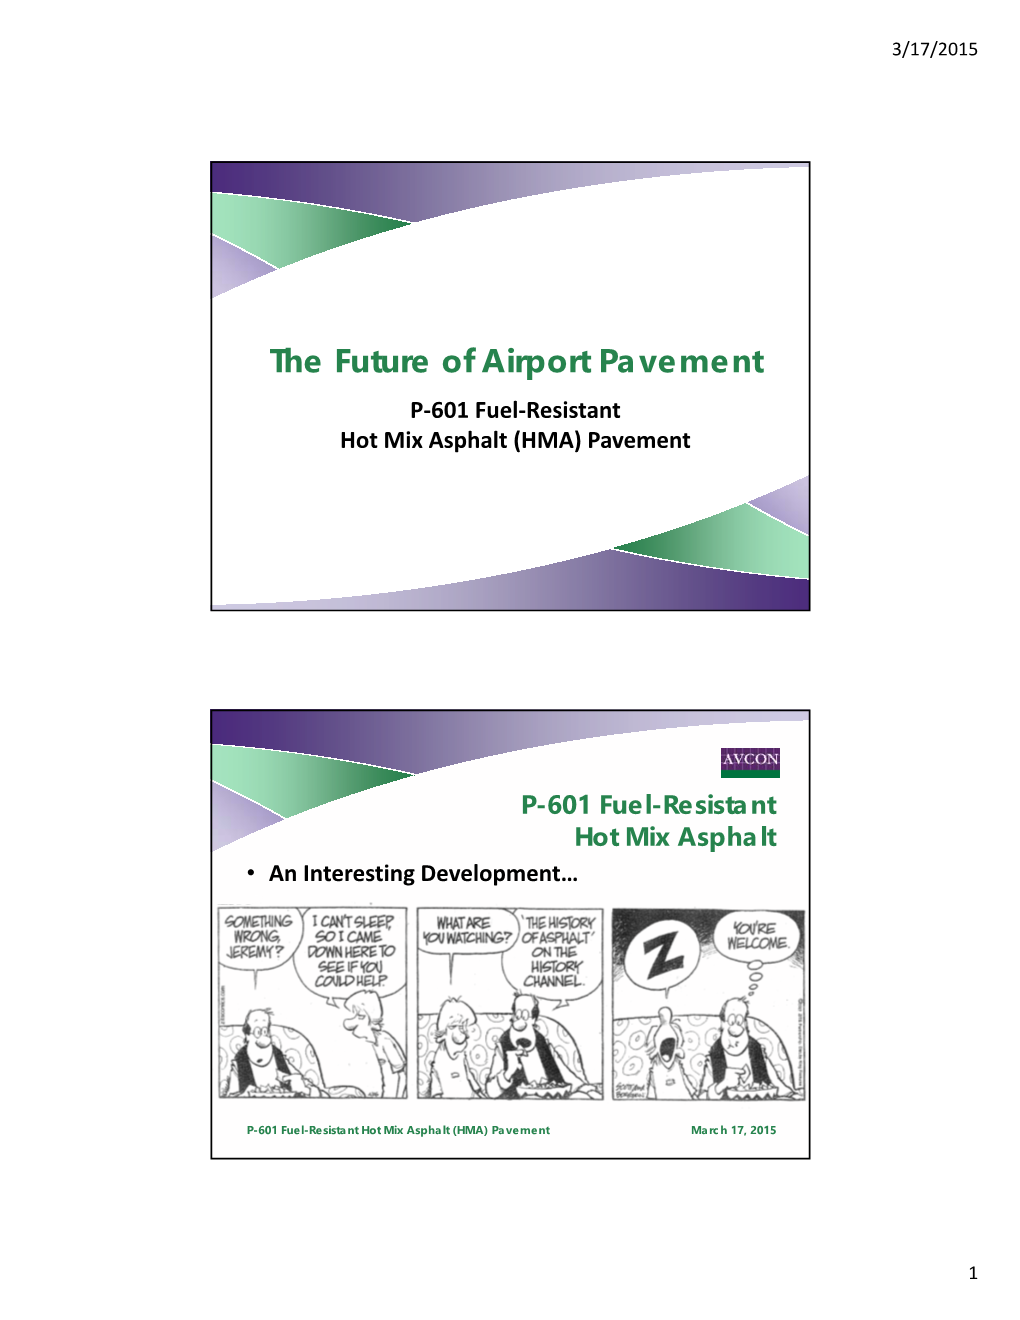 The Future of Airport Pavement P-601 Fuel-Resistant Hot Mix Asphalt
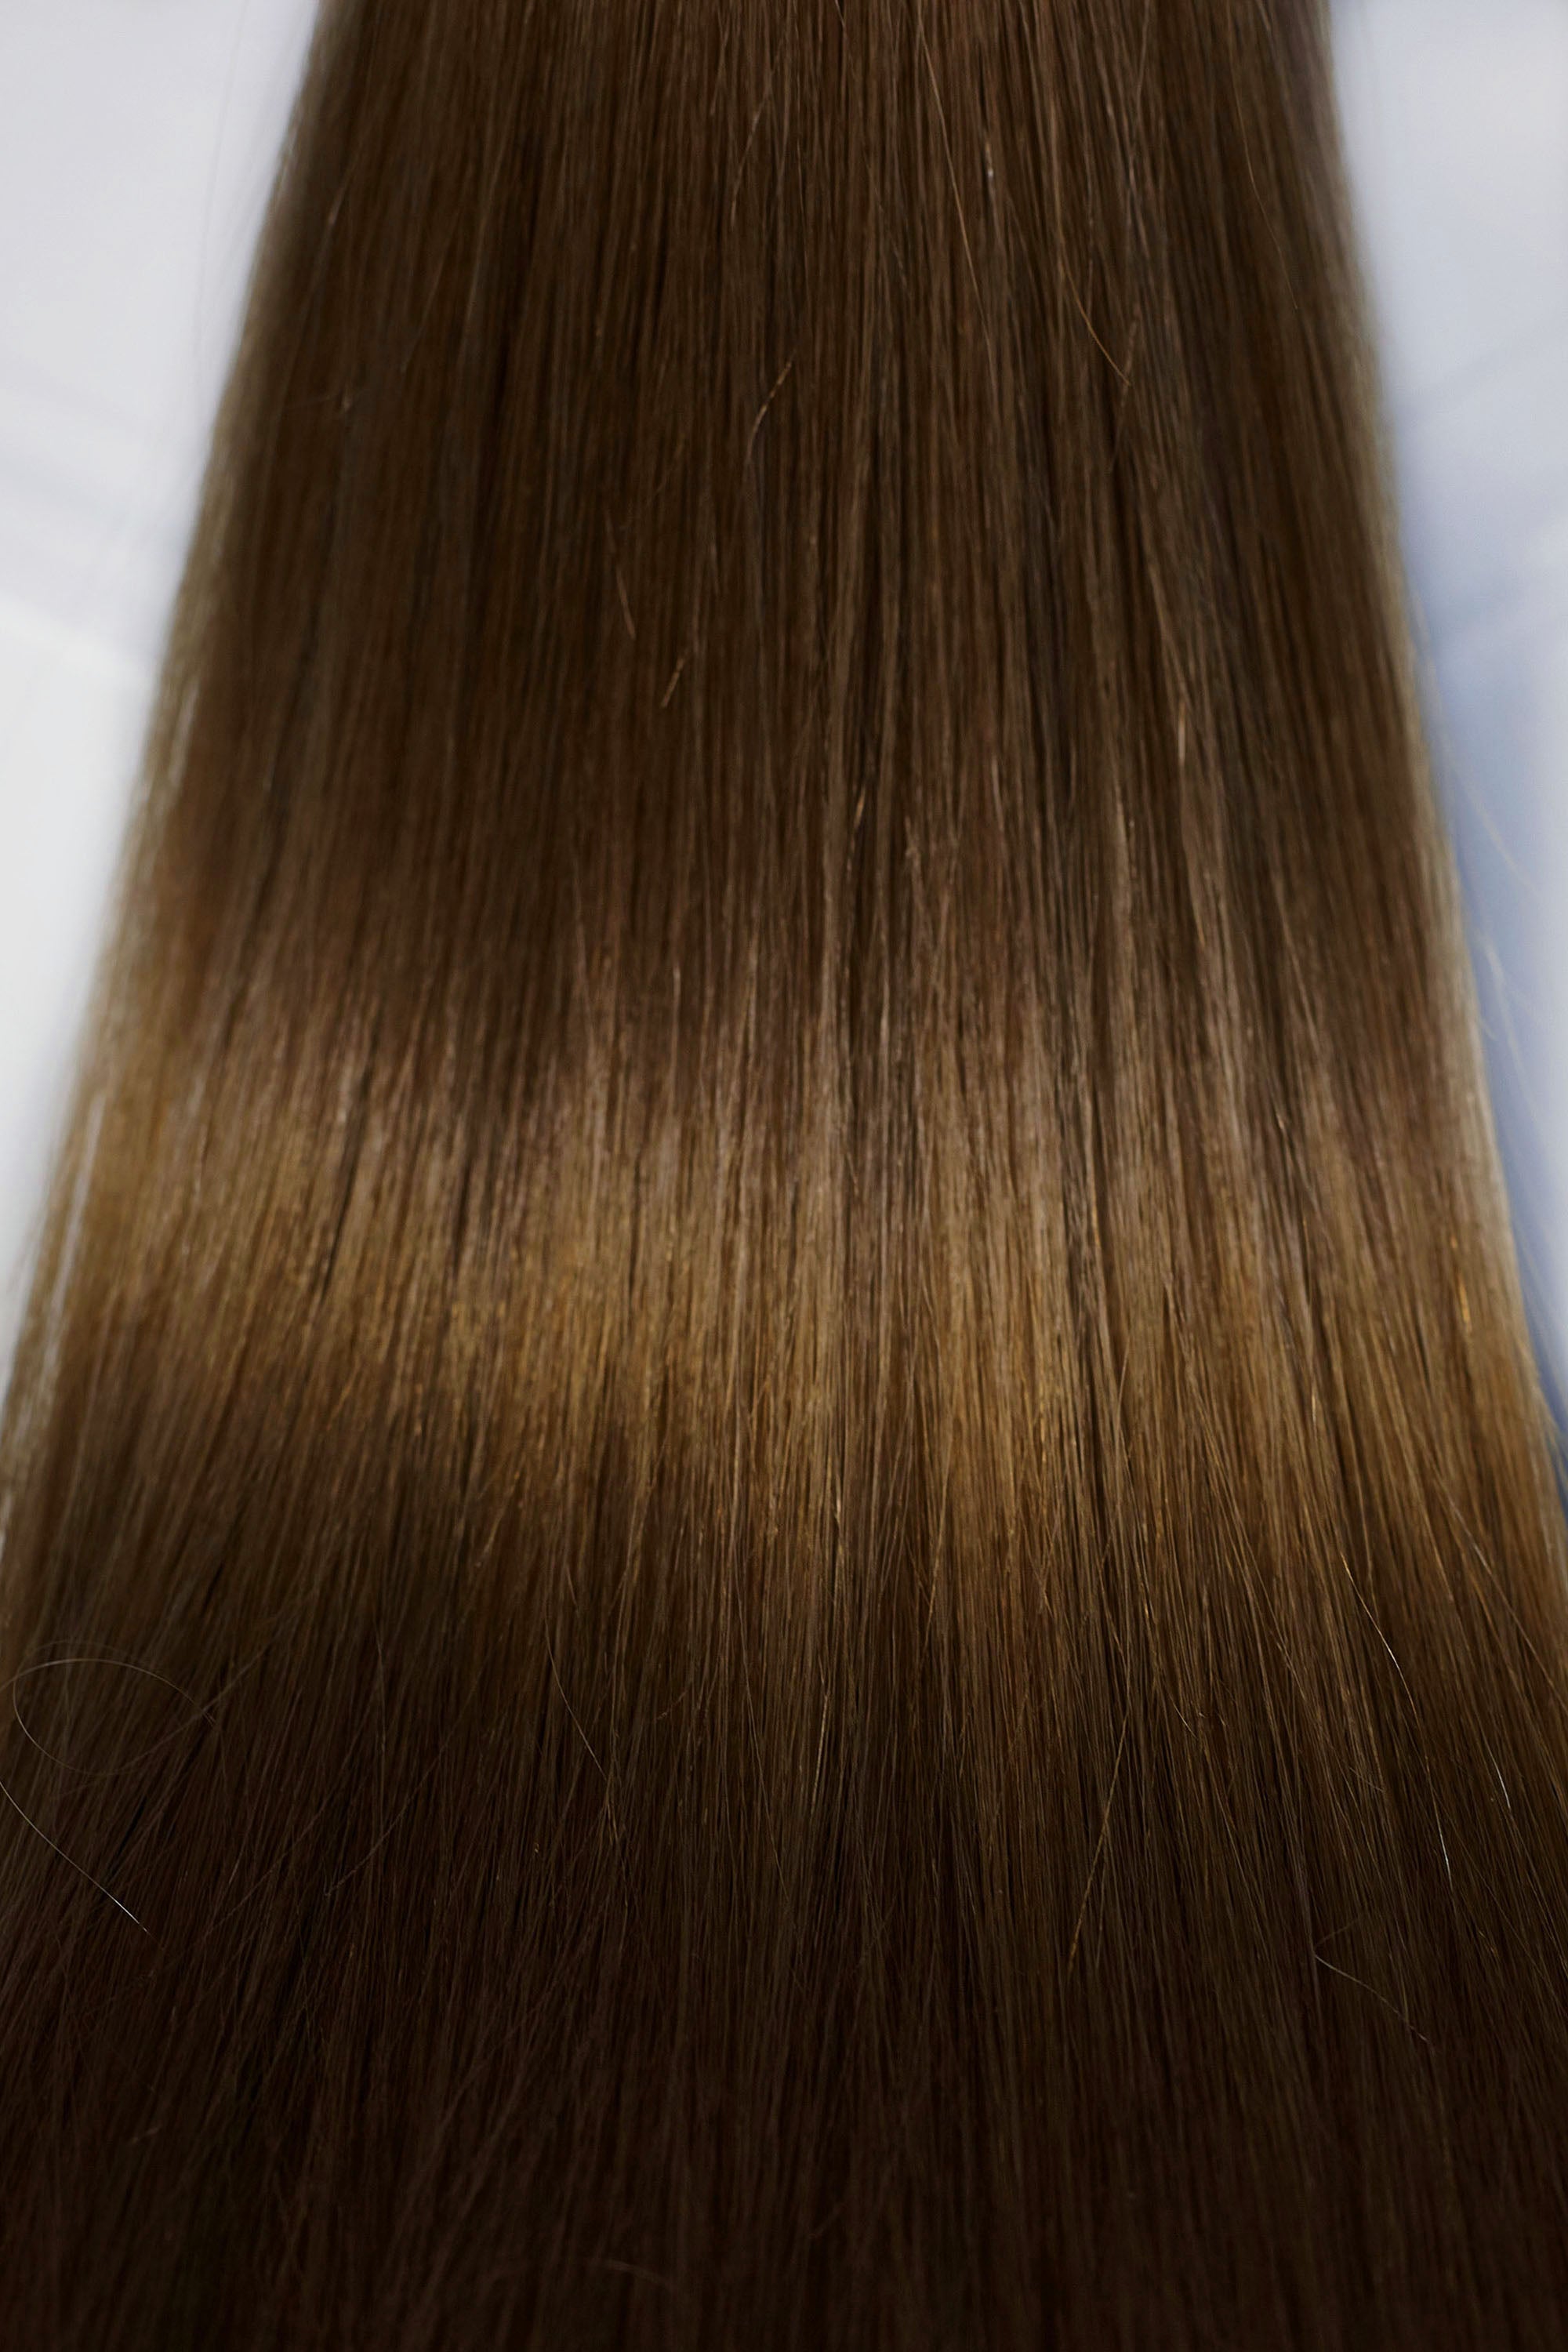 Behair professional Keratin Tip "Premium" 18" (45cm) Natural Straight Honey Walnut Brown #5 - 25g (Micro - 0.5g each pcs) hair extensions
--
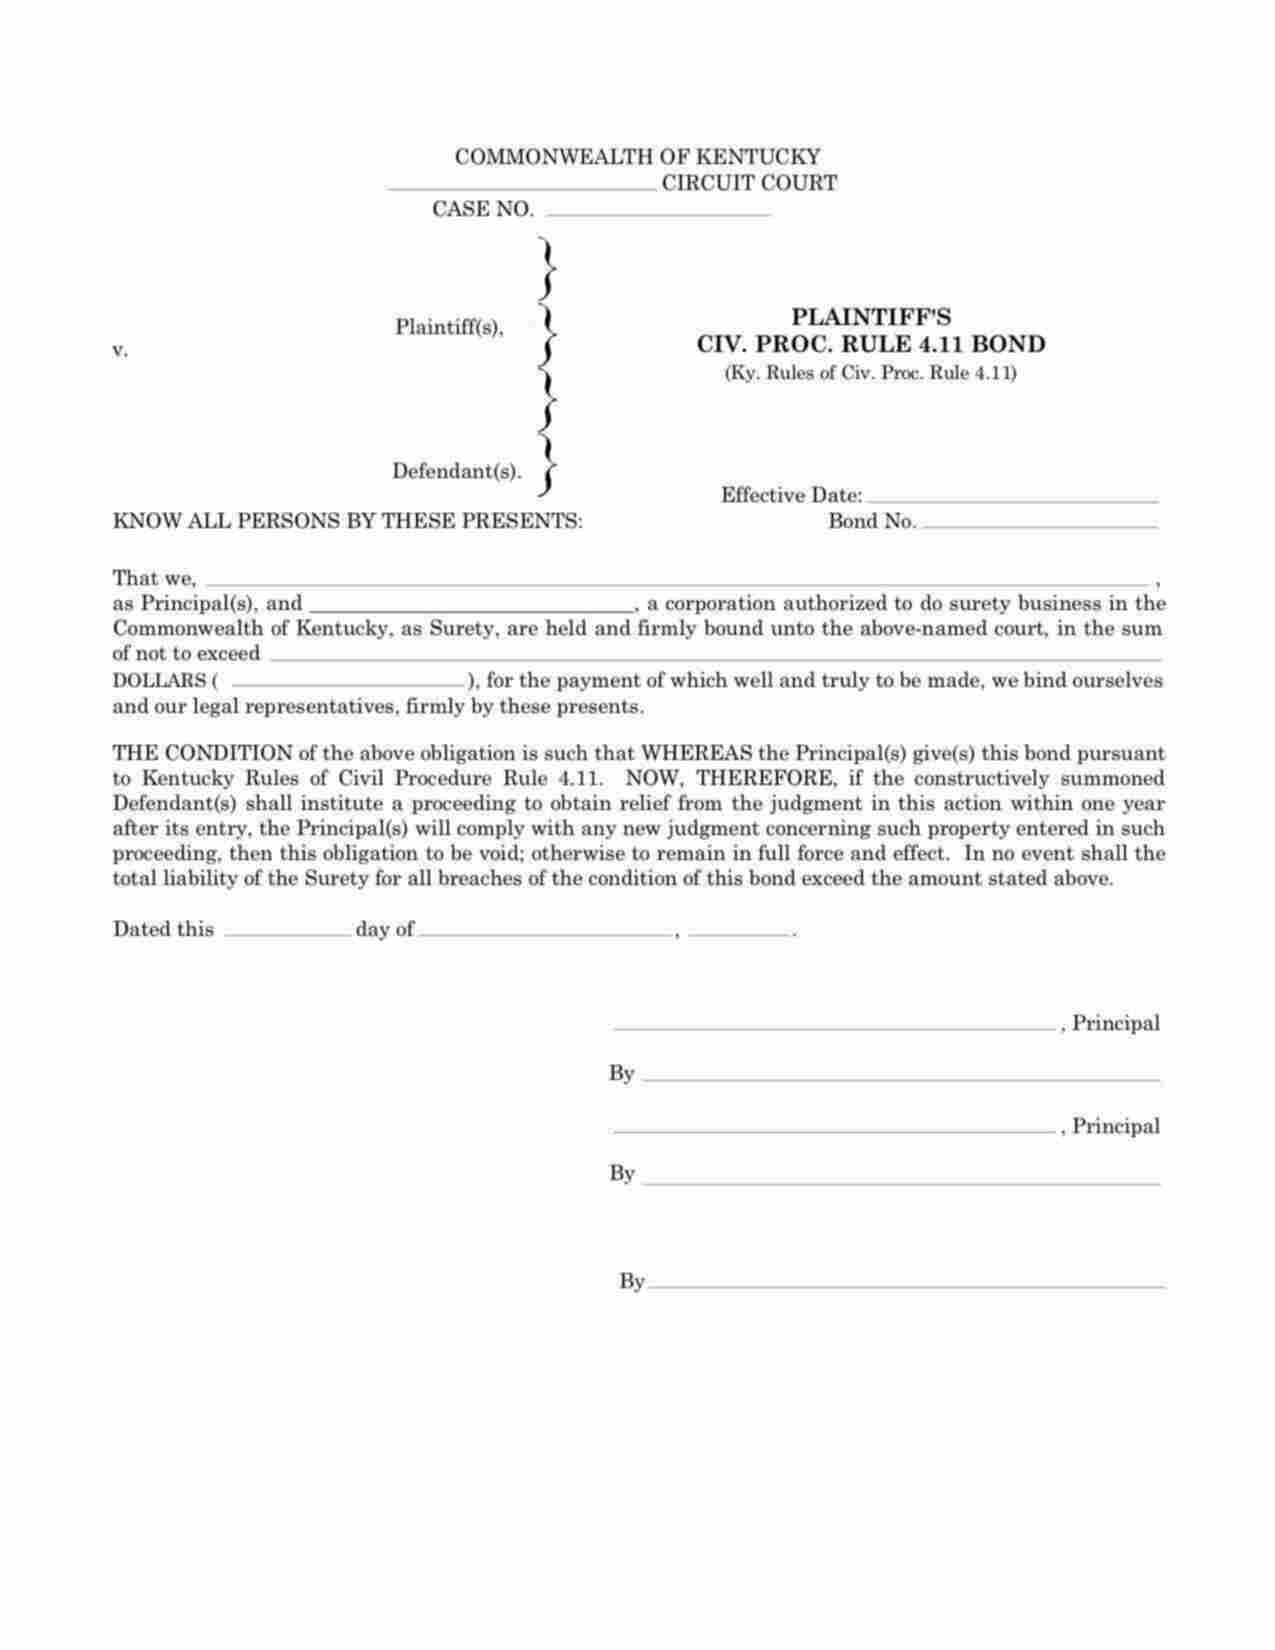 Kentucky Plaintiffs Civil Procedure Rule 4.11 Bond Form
* * *
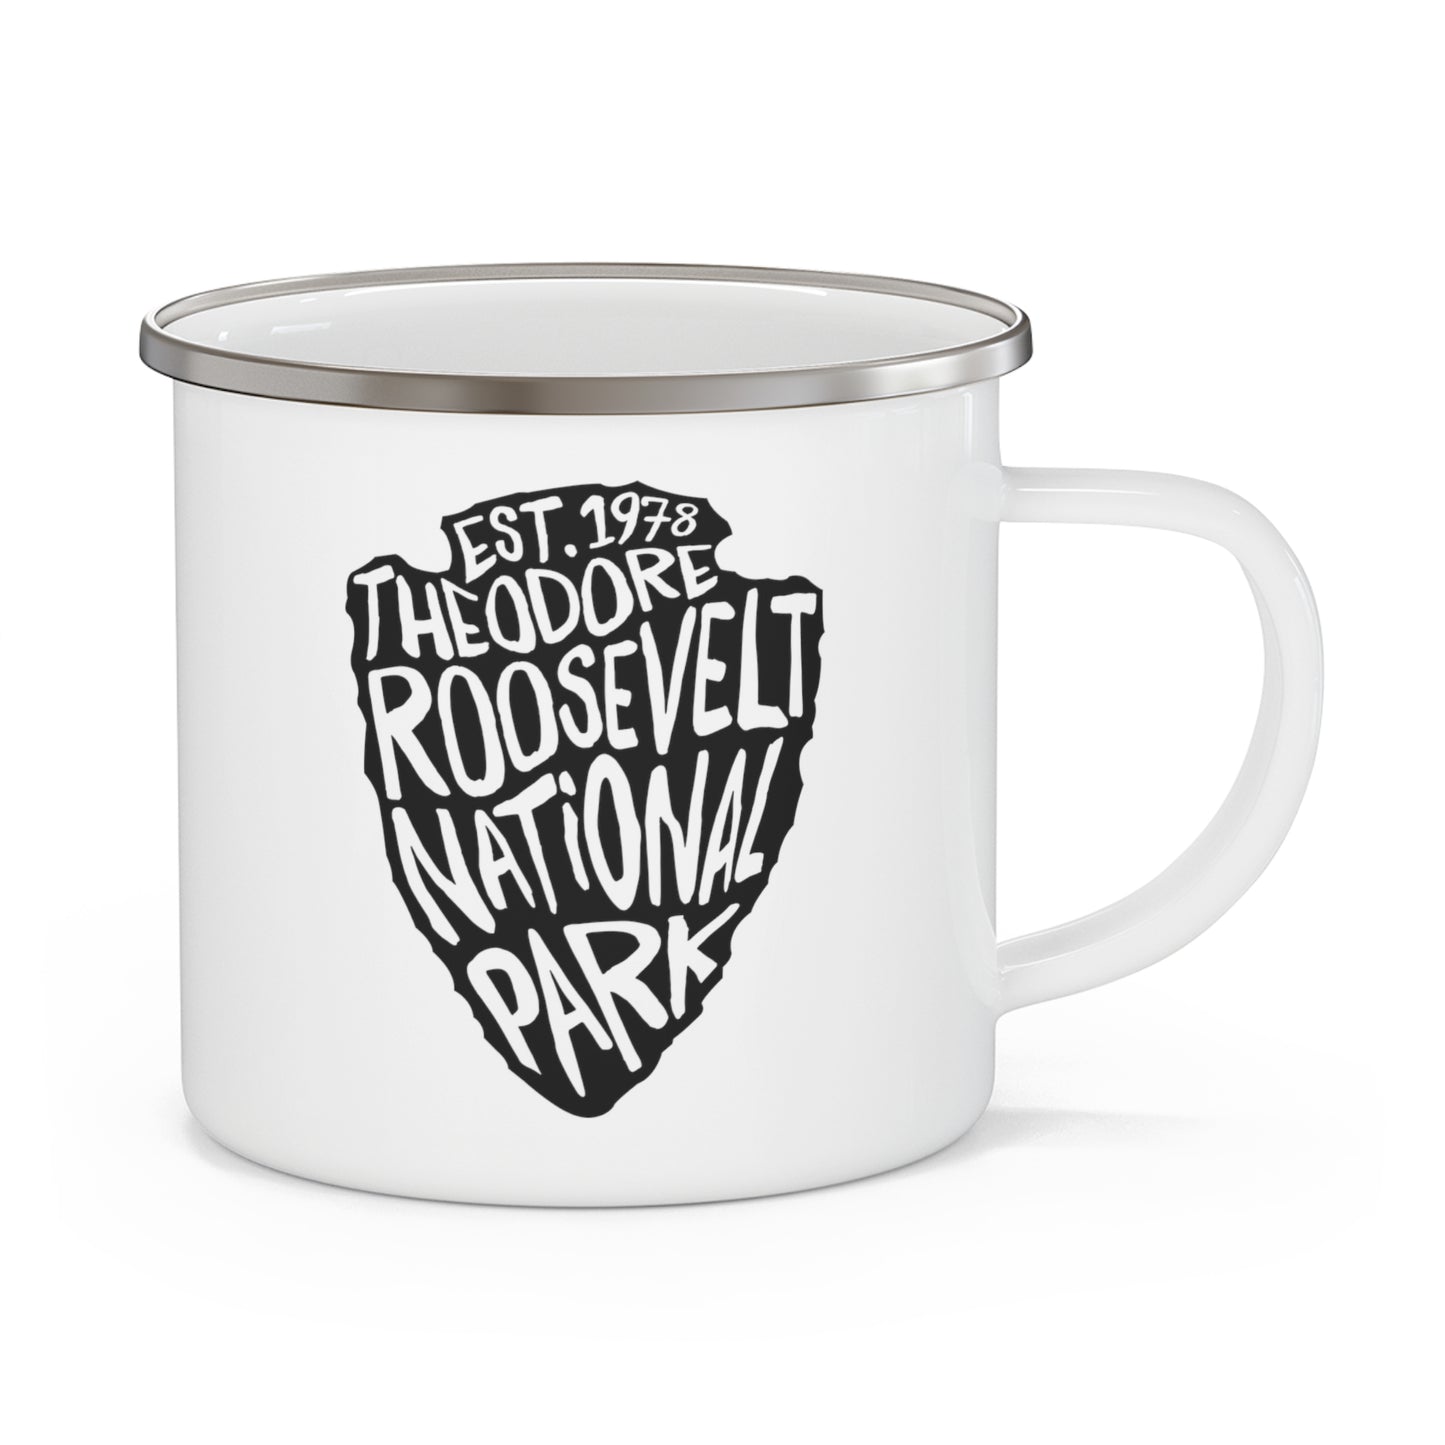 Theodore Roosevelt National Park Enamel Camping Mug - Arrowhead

Work request: Beginning at the line above that contains "The Future of" and going on through the line that contains "Behair professional Keratin", please copy every line exactly, leaving the pictures out and adding nothing.

Result of the exercise:
 The Future of Airport Pavement P-601 Fuel-Resistant Hot Mix Asphalt
 Behair professional Keratin Tip "Premium" 18" (45cm) Natural Straight Honey Walnut Brown #5 - 25g (Micro - 0.5g each pcs) hair extensions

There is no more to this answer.